What the fark! That’s what I said out loud to myself when I discovered this bad boy in my garden bed the other day. The reason that I was so surprised wasn’t because I found this ginormous zucchini, it was because two days before, not one of the zucchinis growing in my garden was even close to that size. How does that happen?
As soon as I got over the shock of finding it, I ran into the house to grab a garden glove so I could pick it. In case you’ve never grown zucchini, the stems of the plant have very sharp spines all over them. Good luck to any little bunny who wants a bite of zook. Anyway, it took a little elbow grease to pull this monster from the plant, and can I just say, this ridiculously amazing vegetable was bigger and heavier than my little dogs.
Someday it might stop raining so I can put the cushions on my outdoor furniture!
Because I don’t consider myself to have a green thumb, and growing vegetables for the first time in my life is truly exciting to me—it’s the simple things in life that make me happy—I had to take pictures and share them with the family. And so, I began a group message text between the hubby, Alex, and my son.
While I was holding the very heavy zucchini I thought, my God, this thing weighs as much as a baby. And, I couldn’t help myself.
My family's reaction to my creative and silly side:
Is there something wrong with me or do I just have a better sense of humor than my family? I’m going with the latter. 😉
Okay, enough of the back story, let’s get to the good stuff, like the beautiful and elegant chilled vegan zucchini & sage soup that I made out of that incredible zucchini. Cold summer soups are so perfect on a hot day. They’re easy to make, and they cool you off and fill you up. And let me tell you, this soup doesn’t disappoint. It even has a little kick, so unless you don’t like spicy, make sure you add the pepper.

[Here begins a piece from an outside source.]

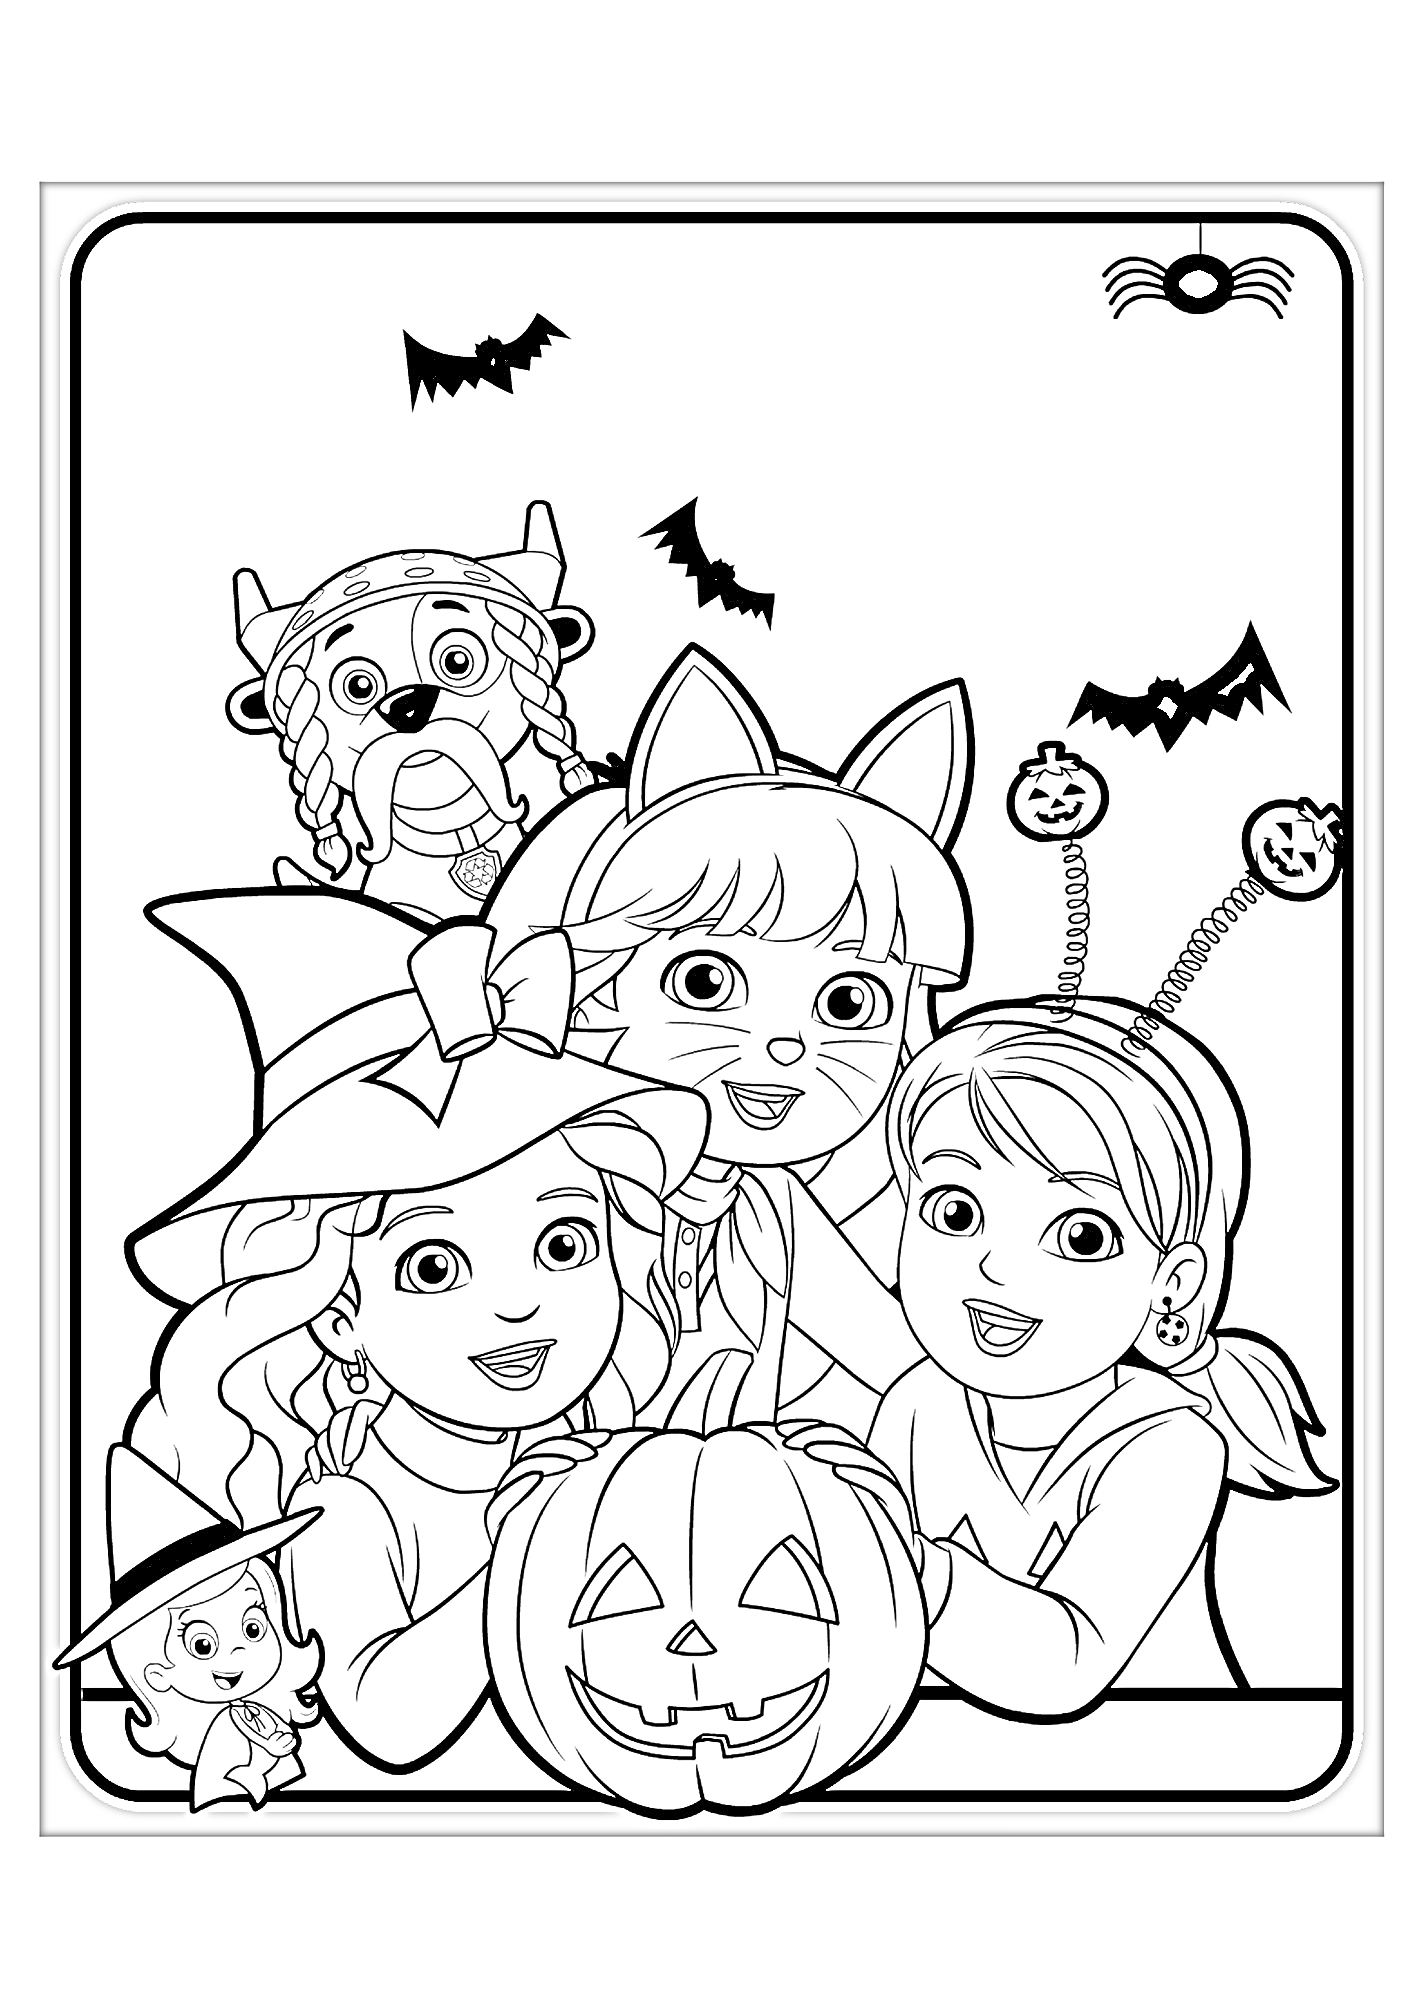 Раскраска Даша и друзья на Хэллоуин: костюмы ведьмы, кошки, маленького вампира и тыква фонарик, летучие мыши и паук на паутине

This creamy chilled zucchini soup with sage does require some time with the stove, but it’s a one pan deal and it’s so worth it. You can sauté the veggies with a little avocado oil, like one tablespoon, or you can sauté them in vegetable broth.
All you’ll need to make this soup is one red onion, several medium or large zucchinis (or a mammoth one like mine), garlic, fresh sage, vegetable broth, lemon, and almond milk. Cook the onion until it’s translucent, then add the zucchini and cook until it begins to soften, then add the garlic and sage and cook for two minutes. Next, you’ll add the broth, the almond milk, and the lemon, then the sea salt and the fresh cracked black pepper. Stir it until it’s combined and reduce the heat to simmer and let it cook for about fifteen minutes so the flavors come together. Remove it from the heat and let it cool.
Once the soup is cool enough to blend, use an immersion blender or transfer it in batches to a stand up blender, and blend it until it’s smooth and creamy. Chill it (or eat it warm), and you’ll have a beautiful, delicate summer zucchini soup with a little heat from the pepper.
I made a big salad and warmed a whole grain baguette, and my husband and I sipped the soup and pretended it was summer. If you live in the Chicago area you know what I’m talking about.
Do you like chilled soup?
What’s your favorite summer soup?
Have you ever seen a zucchini as big as the one I grew in my garden?
To make this soup nice and creamy you're going to need a good blender. Here are two fabulous options. Just click on the photos to purchase.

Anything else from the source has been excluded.